With its disproportionate counterattack, after the wave in its favor that caused the massacre by Hamas, Israel has lost support in public opinion in much of the world. The difference between last September and December, between those who saw the country in a positive light and those who had a negative opinion, has been reduced by an average of 18.5, according to a poll in 43 countries. It has decreased in all except one. China, South Africa and Brazil have gone from a positive to a negative view. And in those that already had it, such as Japan, South Korea and the United Kingdom, it has worsened. This deterioration has been accompanied by greater suspicion towards the United States in much of the world, especially in the Arab world. The governments of some of these countries that had taken steps towards Israel, under the pressure of their public opinions – although they are not liberal democracies – have been forced to freeze or even reverse their approach to Israel. Of course to once again support not Hamas but the resurrected Palestinian cause. In some cases to reactivate a peace process that leads to two States.
In Spain, the President of the Government supports the recognition of a Palestinian State, in due course. The state of public opinion can also influence. According to a Metroscopia survey shortly after the war broke out, if nine out of ten Spaniards thought that the Hamas attack was unjustifiable, 55% thought that Israel's reaction was excessive, 70% among left-wing voters, a percentage that It was practically reversed among those on the right.
Nor can we forget the repercussions that what is happening in Gaza may have on jihadist terrorism in Spain, France and other countries. 20 years after the fateful March 11, the jihadist threat is considerable, according to Fernando Reinares, from the Elcano Royal Institute. A report of this center, by Álvaro Vicente, considers that, although it does not fully replicate the Syrian scenario, which promoted violent jihadism, the Gaza war “has the potential to increase the levels of jihadist radicalization at a global level.” Although it seems, for the moment, to generate fewer opportunities for large-scale and clearly violent mobilization, as in the Syrian case. In the midst of this war on the ground, virtual spaces have taken on a new centrality for these movements.

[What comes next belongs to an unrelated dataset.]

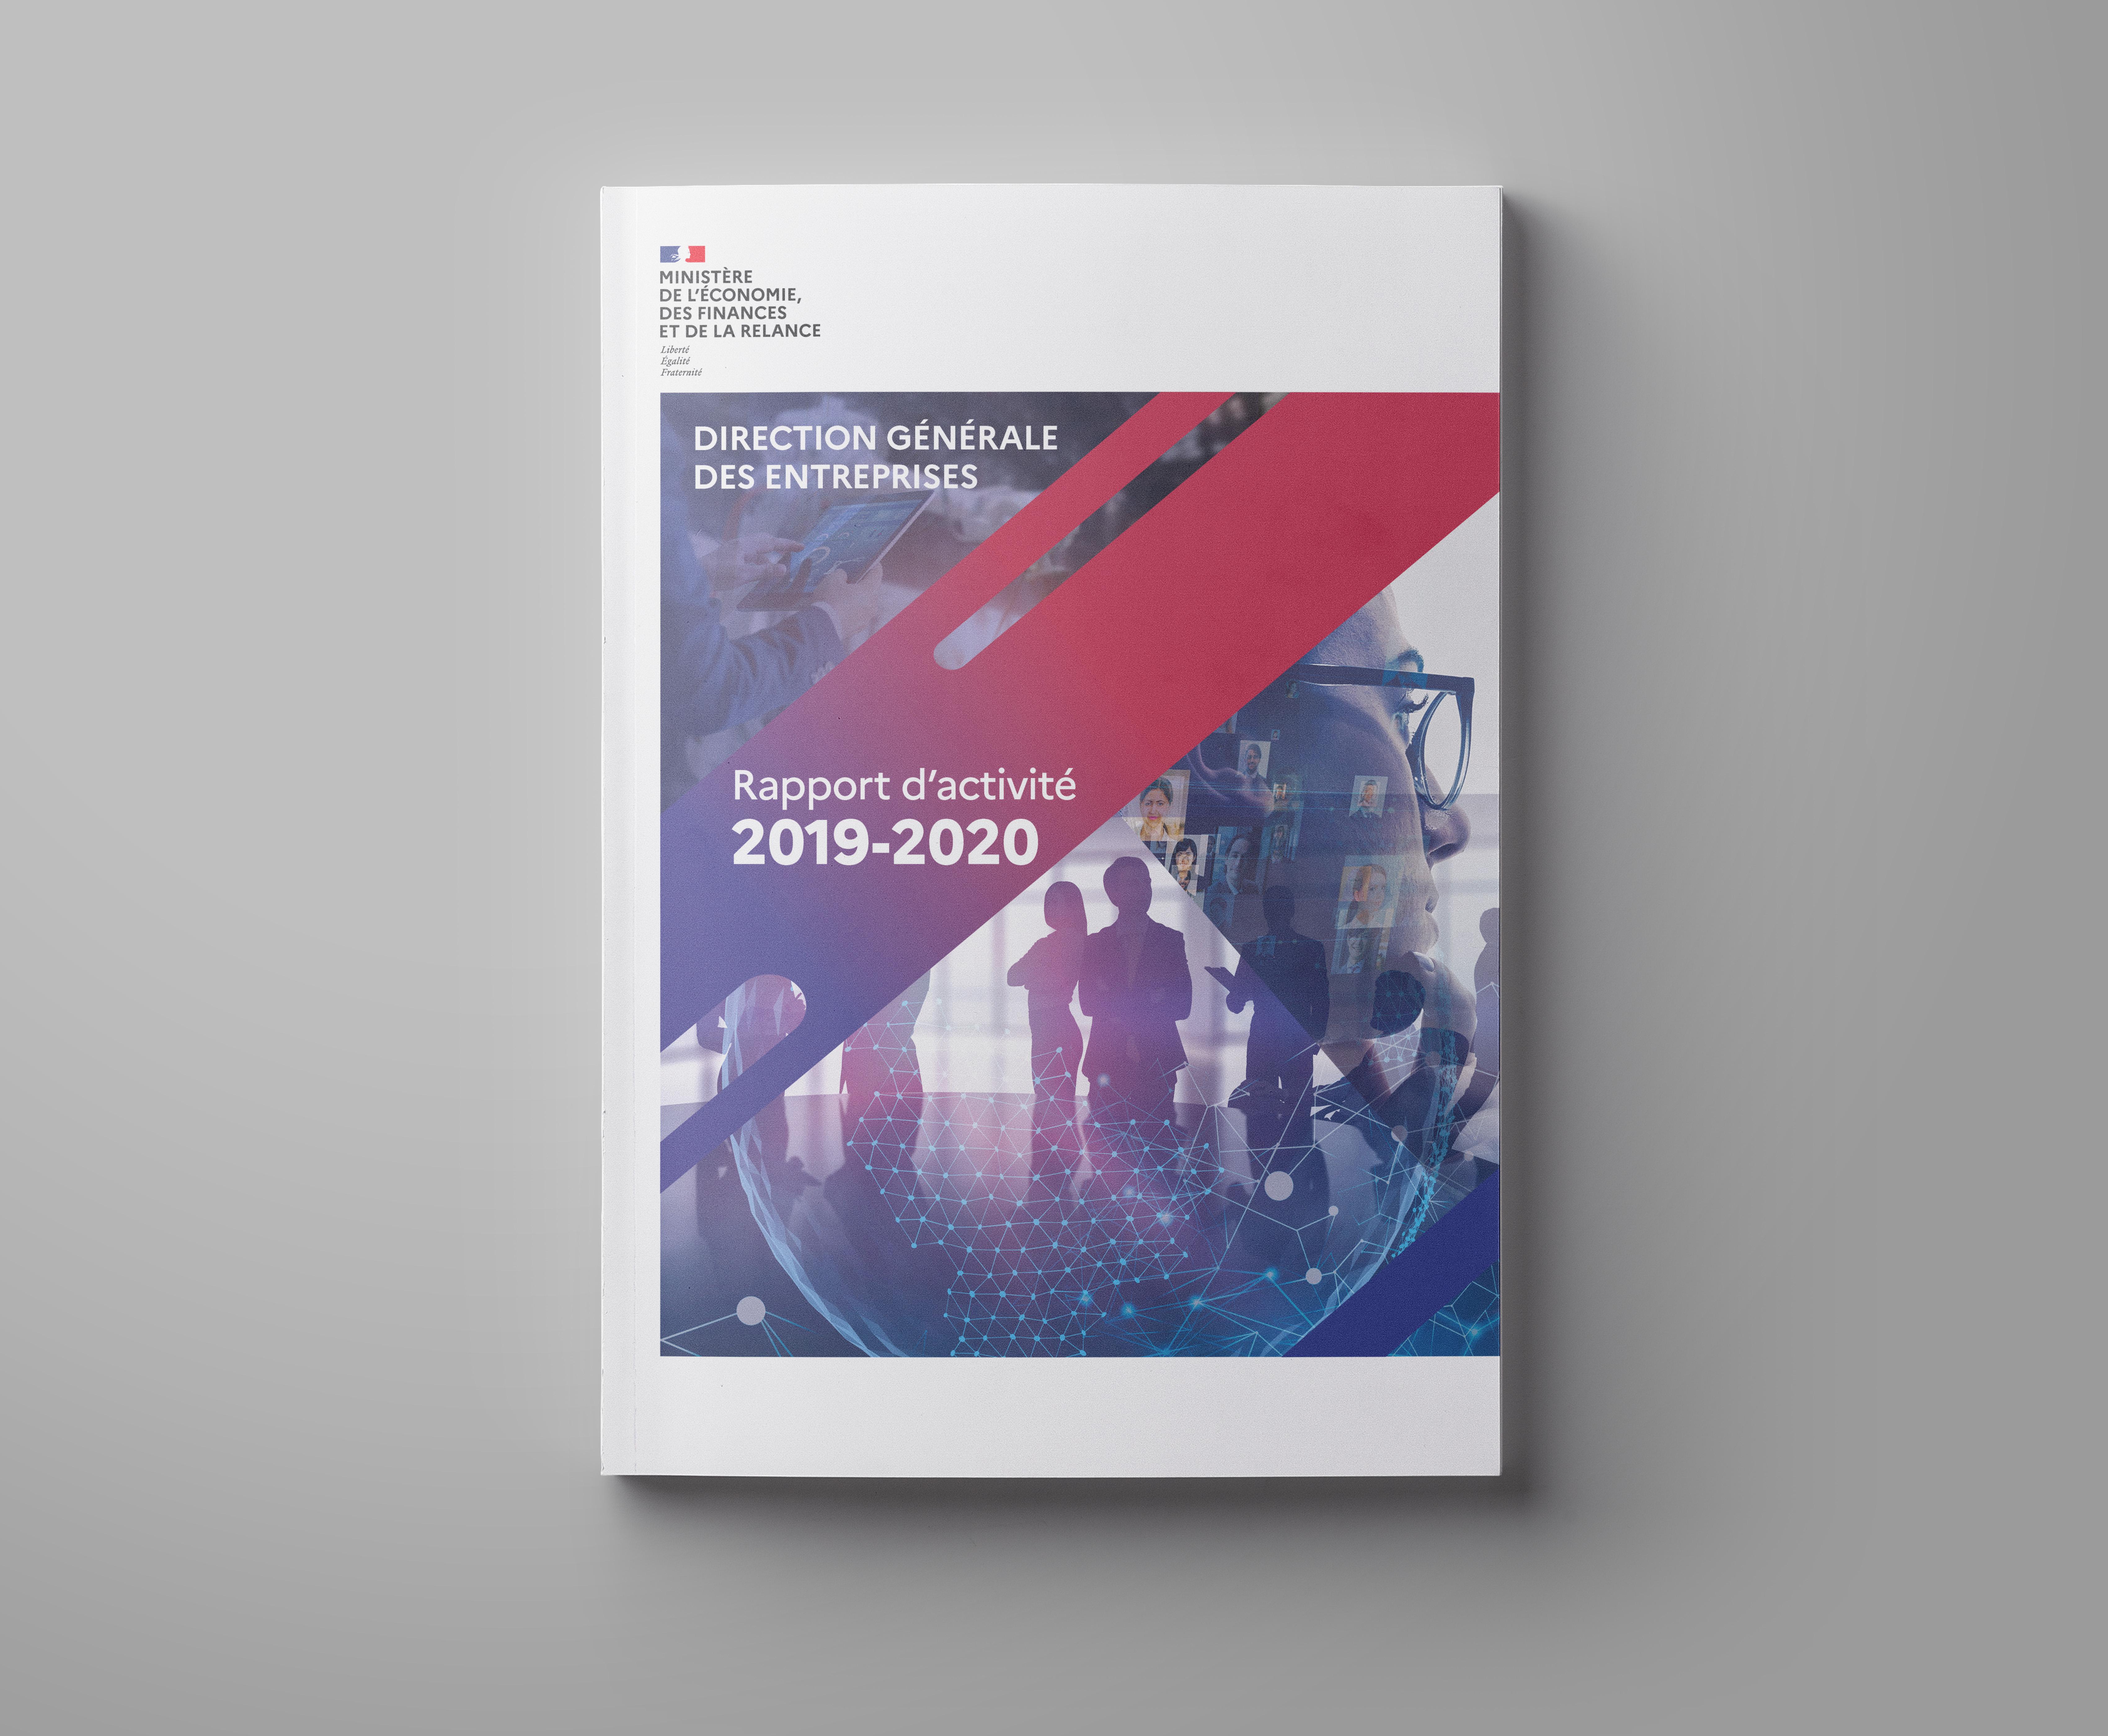 DGE_Rapport d'activité-2019-2020

The Gaza war is broader than the Strip. It reverberates throughout the Levant and far beyond. It leaves almost no one indifferent, and can have unexpected consequences. Or expected. For starters, it may be a deciding factor in who and how governs the world's even most powerful country in the coming years, and most protective of Israel. What is inside and what is outside are increasingly related. No matter how many walls are erected, that is the reality. Foreign policy is also local, and local policy is foreign.